More than 40 percent of Hyundai’s electric vehicle sales are leases, a spokesman said, compared to just 5 percent before the new restrictions came into effect this year. The same provision in the law allows people who lease cars made by Mercedes-Benz, BMW, Volvo and Polestar abroad to receive the credit indirectly.

But leasing is not a panacea. Many people prefer to own their cars, and foreign carmakers resent being excluded from the subsidies available to buyers. The credit for electric vehicles “is too complex and unfortunately causes confusion among customers and dealers,” Volvo Cars said in a statement.

But the lawmakers who drafted and passed the Inflation Reduction Act have said they wrote it to force automakers to realign their supply chains. That is happening, but it will take some time for the changes to bear fruit.

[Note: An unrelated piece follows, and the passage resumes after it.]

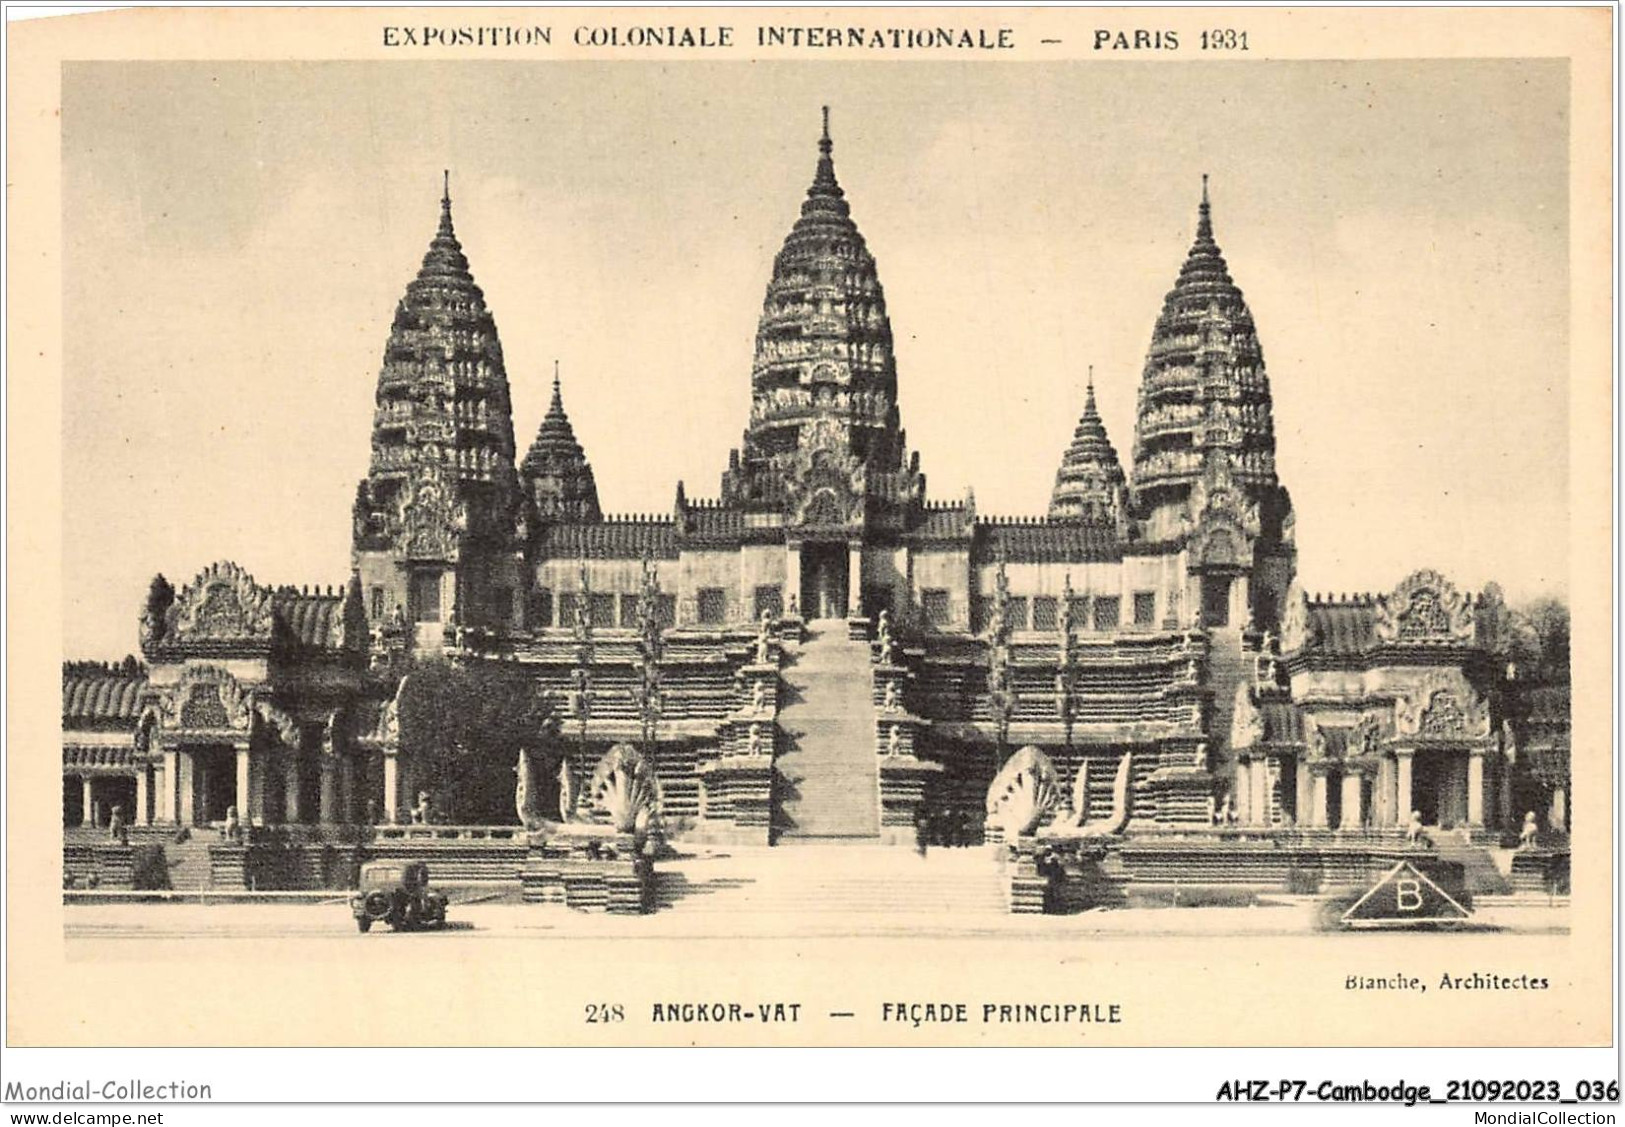 AHZP7-CAMBODGE-0614 - EXPOSITION COLONIALE INTERNATIONALE - PARIS 1931 - ANGKOR-VAT - FACADE PRINCIPALE - Kambodscha

The list of eligible vehicles could grow through 2024 as automakers ramp up U.S. production to qualify for the credits and other subsidies.

Korean automaker Kia expects to start production of the EV9, a seven-passenger electric SUV, at a plant in Georgia next year. Those domestically assembled vehicles should qualify for half the credit, or $3,750, a Kia spokesperson said.

Stellantis, which owns Chrysler, Dodge, Ram and Jeep, plans to introduce six mass-market electric vehicles by 2024, including versions of the Dodge Charger, Jeep Wagoneer and Ram pickup. The company has not said whether the vehicles are eligible for credits.

Some hybrids, which have combustion engines and electric motors, are also eligible if they meet the purchasing requirements and have a battery with a capacity of at least seven kilowatt hours.

The Chrysler Pacifica Hybrid will most likely still qualify for a $7,500 credit, a company spokesperson said, while buyers of the Jeep Grand Cherokee 4xe and Jeep Wrangler 4xe hybrids are expected to qualify for up to $3,750.

Market forces are pushing down electric vehicle prices, a trend that is expected to continue as automakers increase production. According to CarGurus, the average list price of an electric vehicle fell to $63,000 in November from $68,000 a year earlier. The average list price of an internal combustion engine vehicle was $48,000, the same as the previous year.

Federal grants and loans for battery factories and electric car factories are also helping to lower prices. Analysts expect electric vehicles to become cheaper than internal combustion engine models at some point in the coming years, even without tax breaks.

“The long-term trend will be one of price reductions,” said CarGurus’ Mr Roberts. “You’re going to see more regular vehicles.”